Information shown —
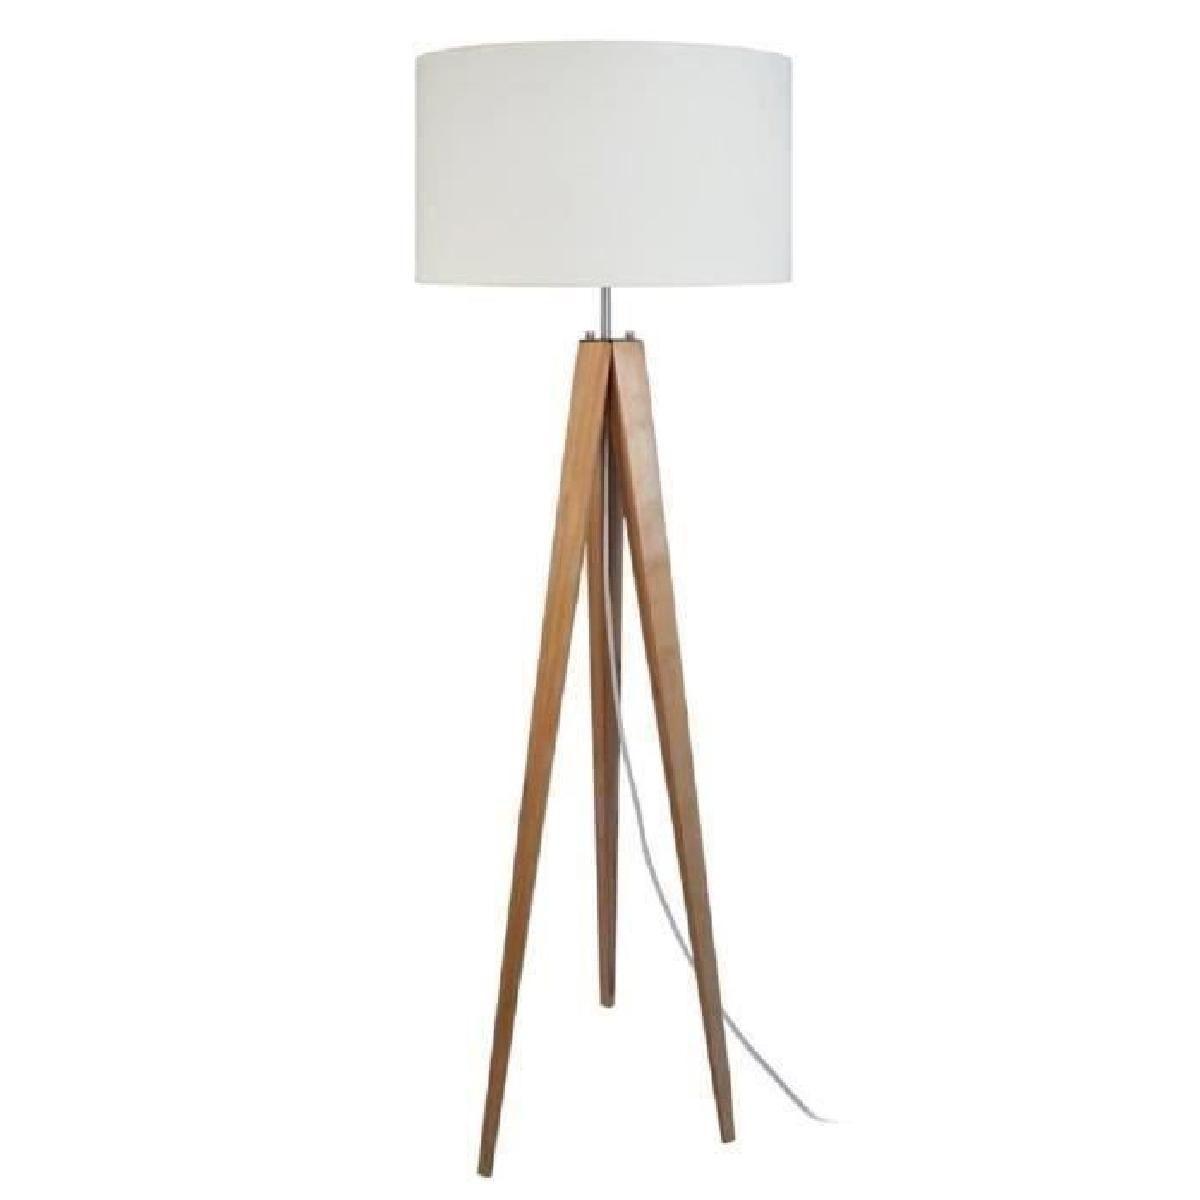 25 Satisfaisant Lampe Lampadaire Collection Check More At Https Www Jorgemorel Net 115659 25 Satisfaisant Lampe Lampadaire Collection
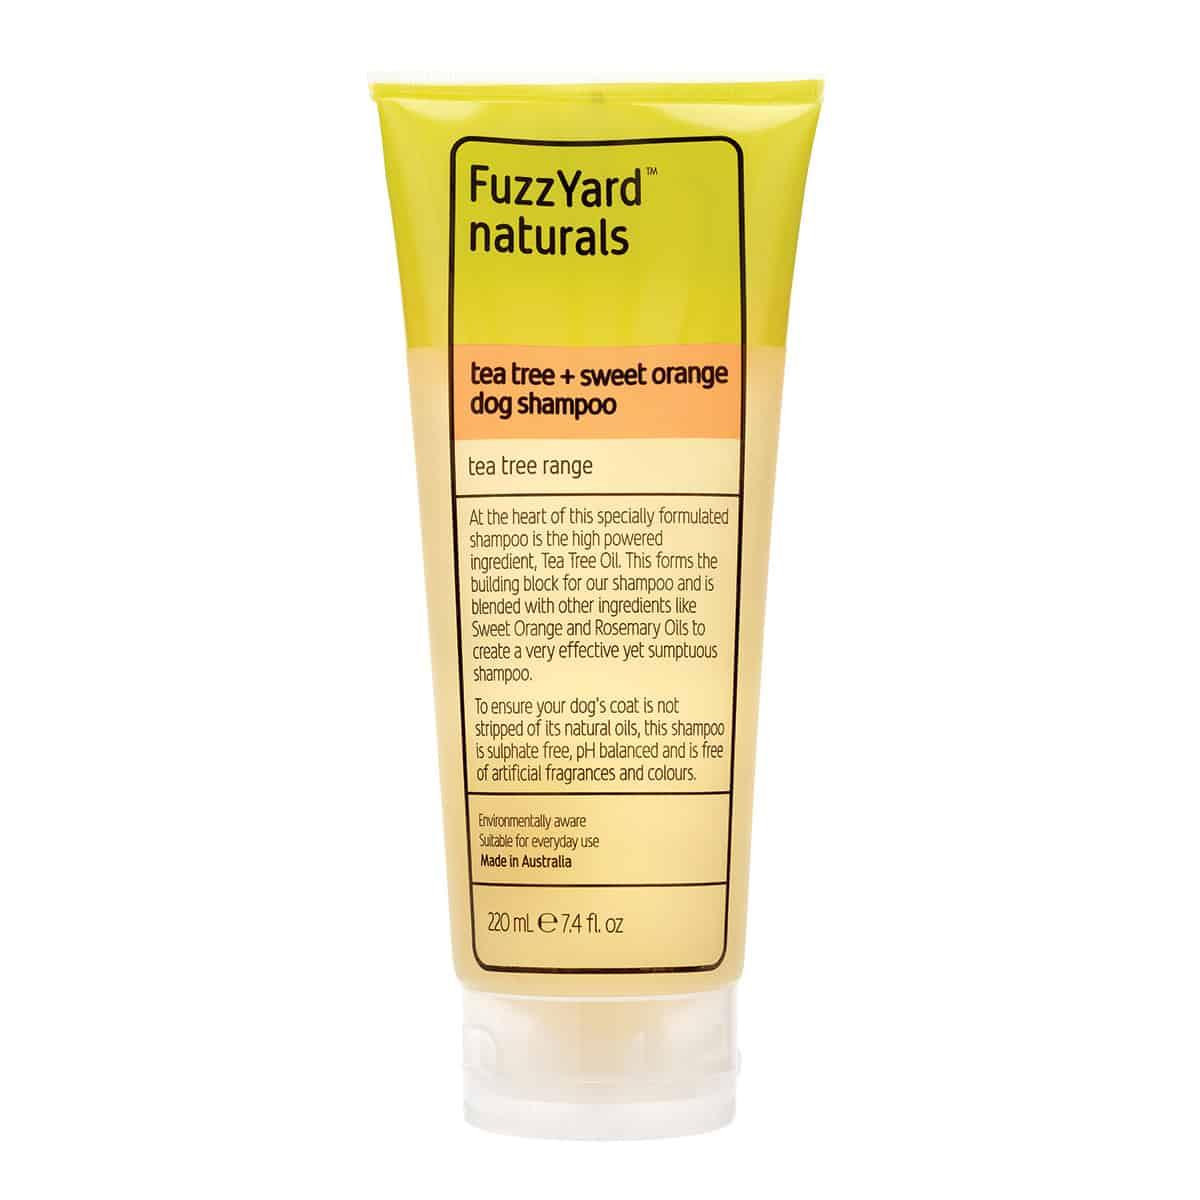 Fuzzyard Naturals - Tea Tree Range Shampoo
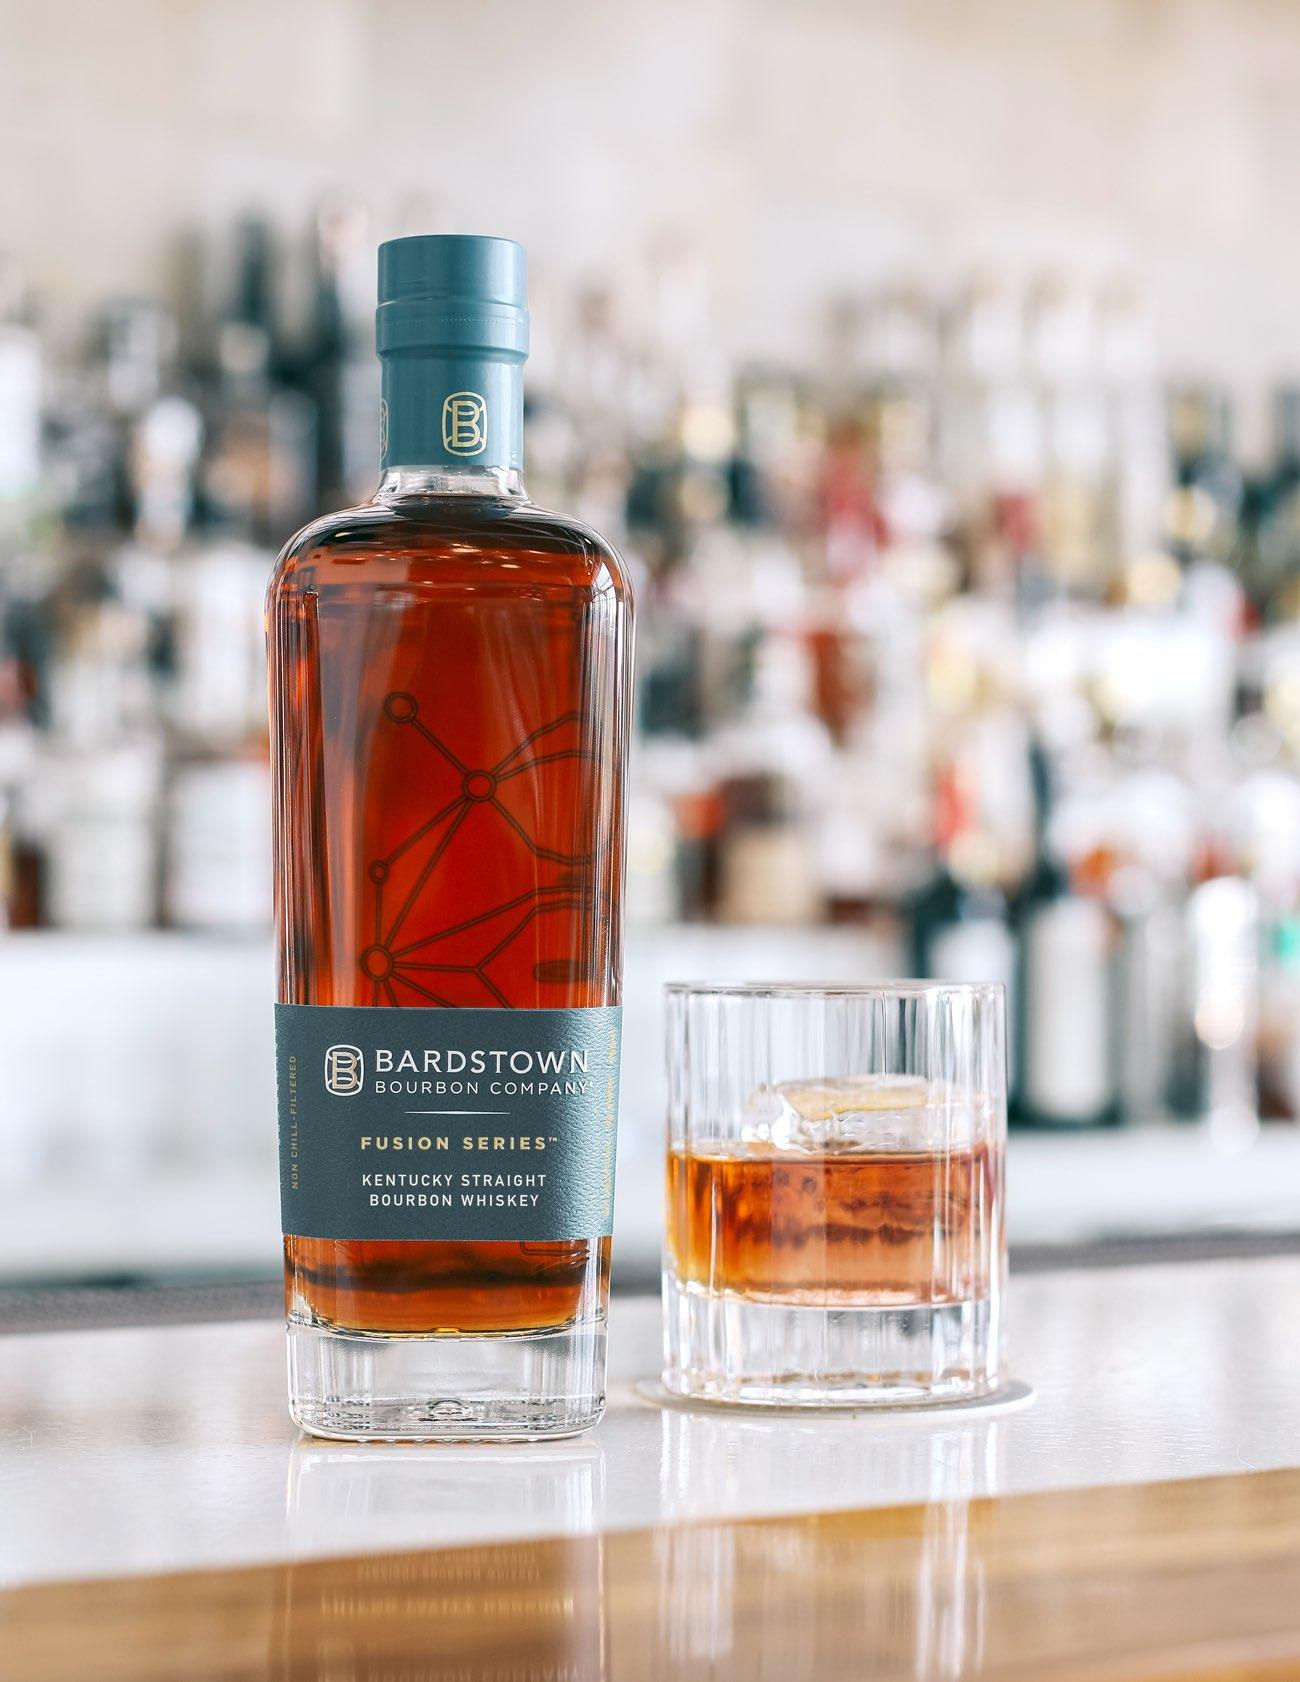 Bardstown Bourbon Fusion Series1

Exercise —
For the data above, return an exact copy that contains no pictures.

Solution to the problem —
 25 Satisfaisant Lampe Lampadaire Collection Check More At Https Www Jorgemorel Net 115659 25 Satisfaisant Lampe Lampadaire Collection
 Fuzzyard Naturals - Tea Tree Range Shampoo
 Bardstown Bourbon Fusion Series1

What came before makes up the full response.